With that, I stoop to retrieve his gun from a pile of moldering leaves. I tuck the piece in my jacket pocket and turn my back on Carter without another word. I gave him my mercy, but the rest of it is his problem.

I walk back to Bailey, who’s trembling from the cold and the adrenaline. The rain’s let up, but she’s still soaked through. Behind me, I can hear the rustling sounds of Carter getting to his feet and stumbling into the forest.

“You let him live,” she says wonderingly, cutting her eyes to watch his retreat. I don’t bother looking. Everything I want to look at is right in front of me.

I can’t lie to her, say that I’ve changed my ways. She knows who I am, what I’m like. She knows I’ll never turn my back on the Slayers. “I didn’t want you to have to see that,” I say instead.

She accepts that as an answer, because she takes my hand. It’s cold and clammy. I struggle out of my wet jacket and drape it over her shoulders, like I did the night we met. It doesn’t offer much by way of warmth, but seeing her in my jacket after the ordeal of today settles something in me. She offers me a watery smile and clutches it closer around her.

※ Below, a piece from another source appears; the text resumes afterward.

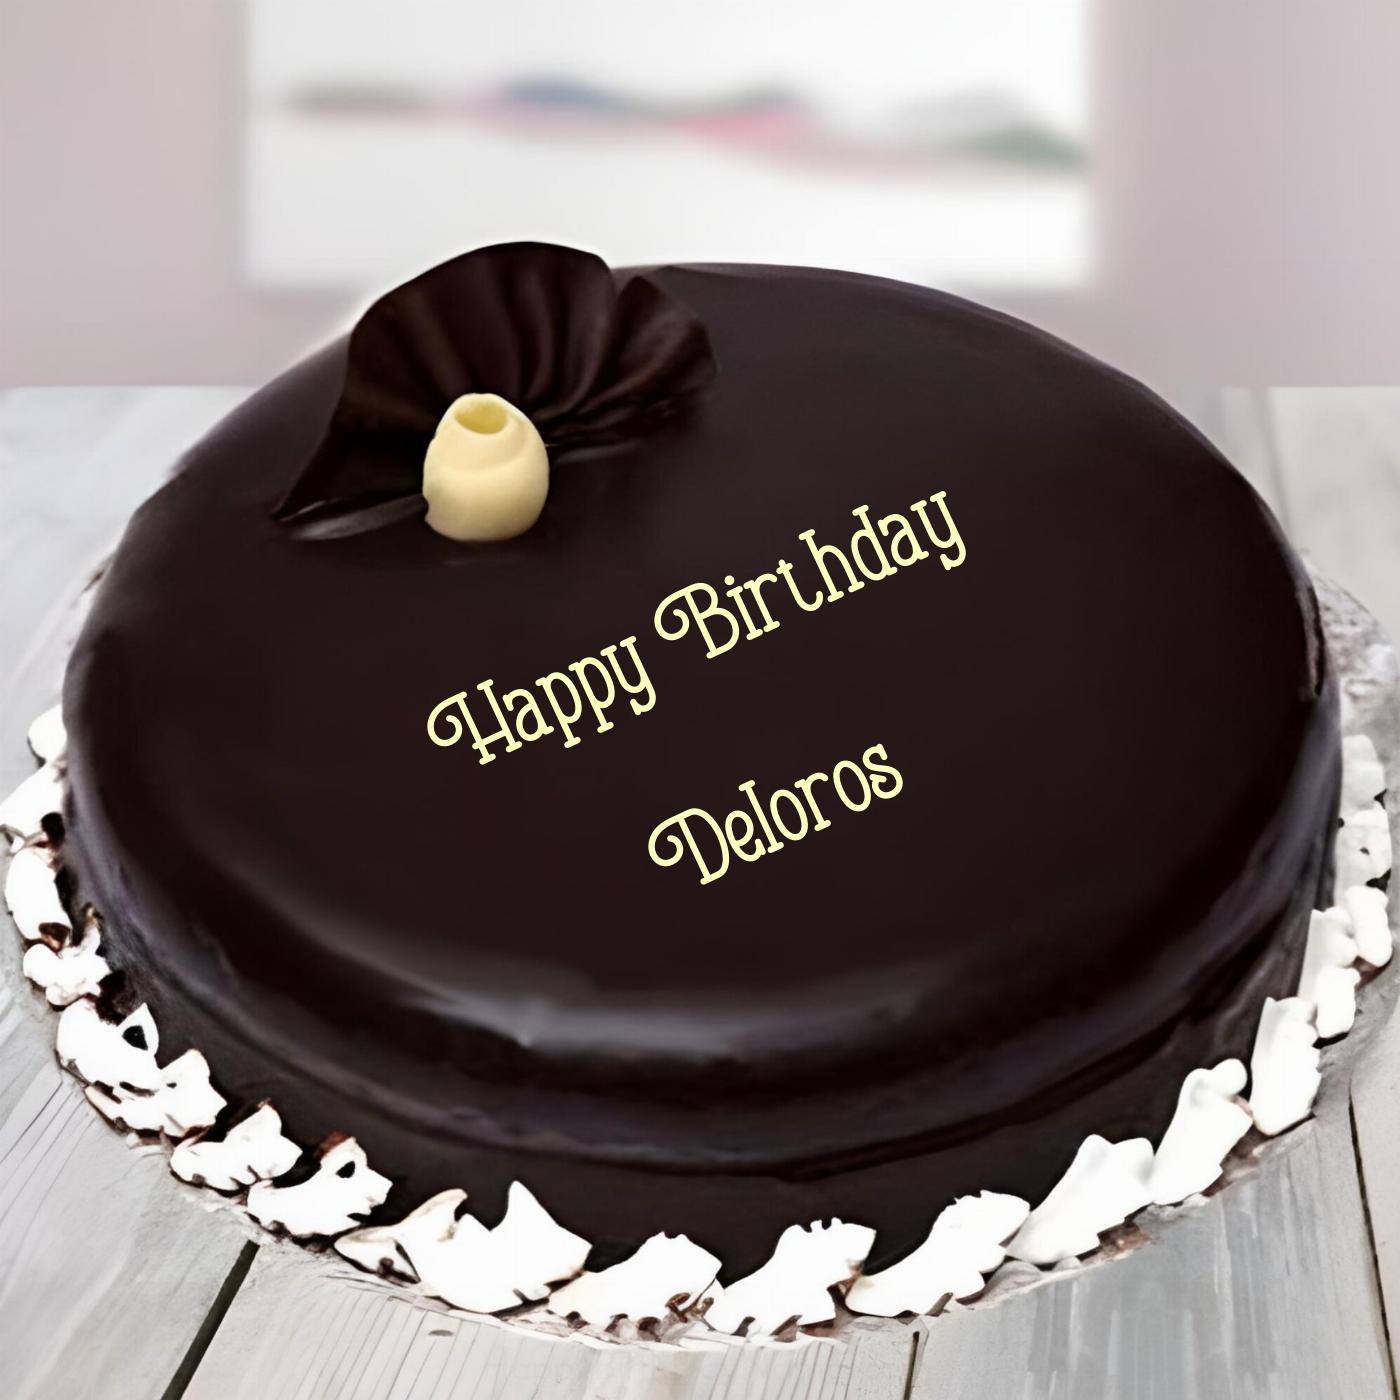 Happy Birthday Deloros Beautiful Chocolate Cake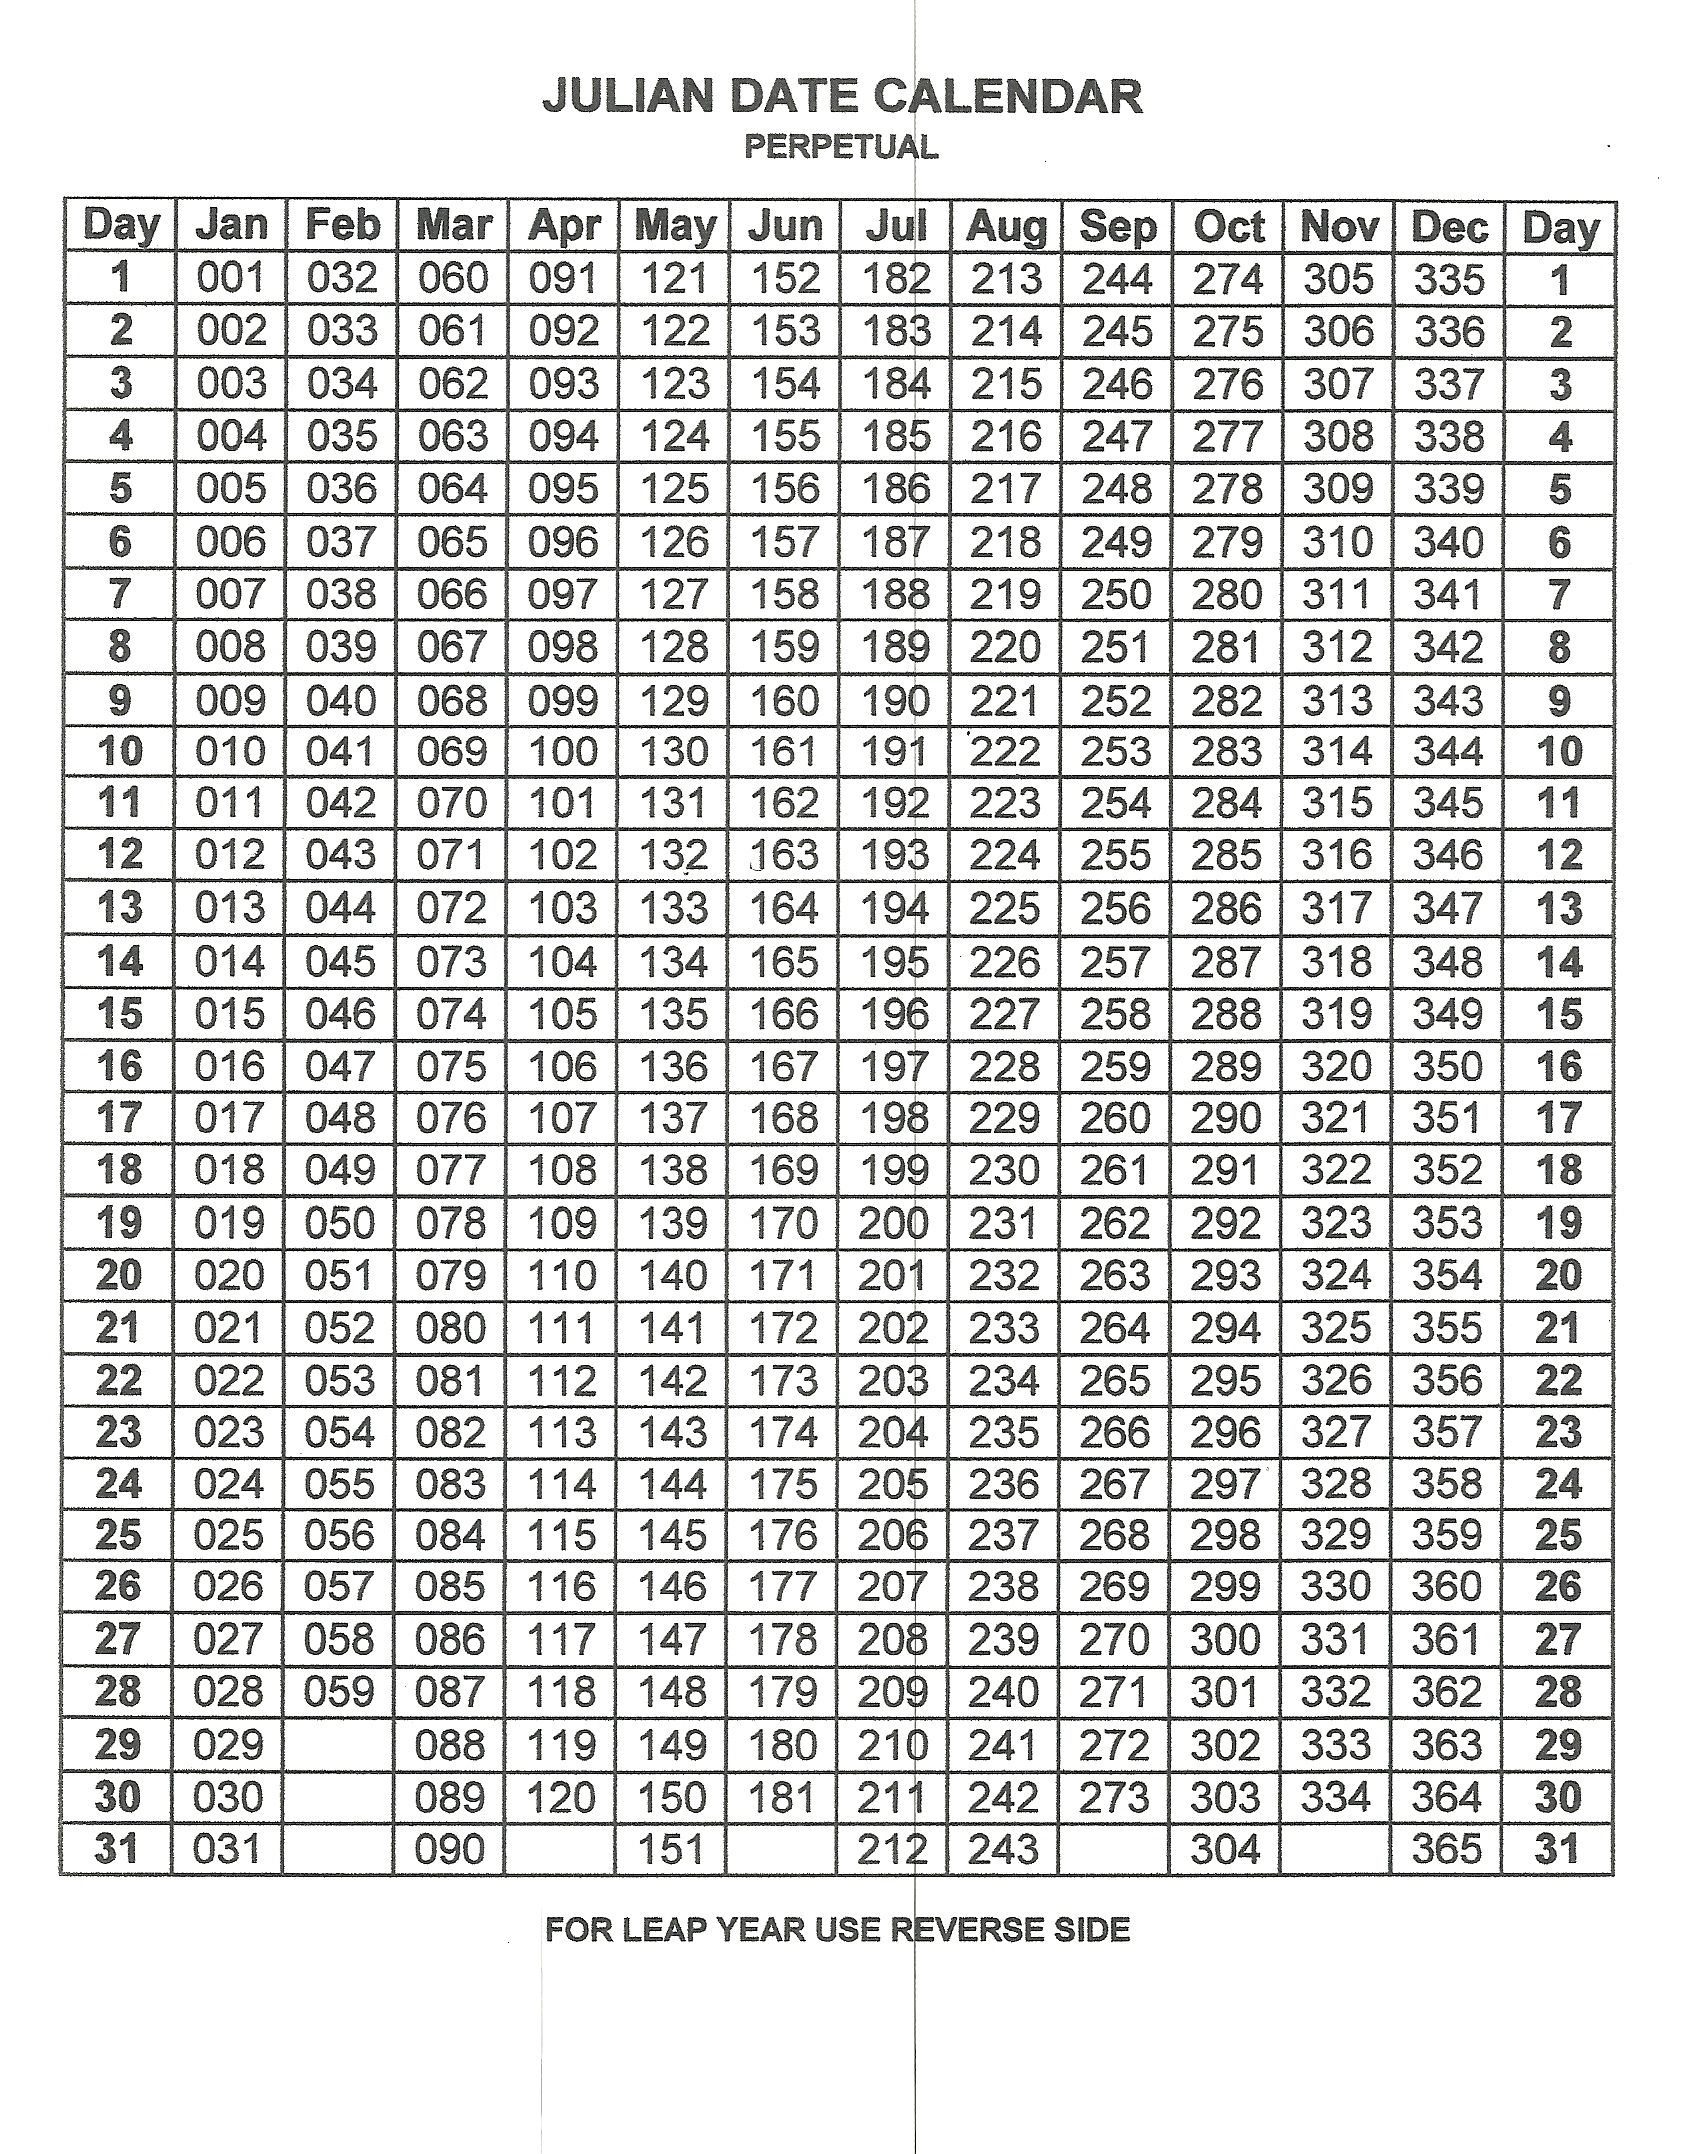 Perpetual Julian Date Calendar | Calendar Printables intended for Perpetual Julian Calendar 2019 Printable Free

Hand in hand, we pick our way back through the forest to the road. The wet gravel of the shoulder crunches under our feet. We don’t look at each other, but she doesn’t let go of my hand. I retrieve my bike and help her onto the back. When I first saw her, I wondered what she would look like on the back of my bike. Even soaking wet and shivering, she looks good, but the answer to my question has proved so much more dangerous than either of us could have imagined.

I get on the bike, and Bailey wraps her arms around me without hesitation. Feeling her there settles something in me. It somehow just feels right.

“Take me home, Zeke,” Bailey says. So I do.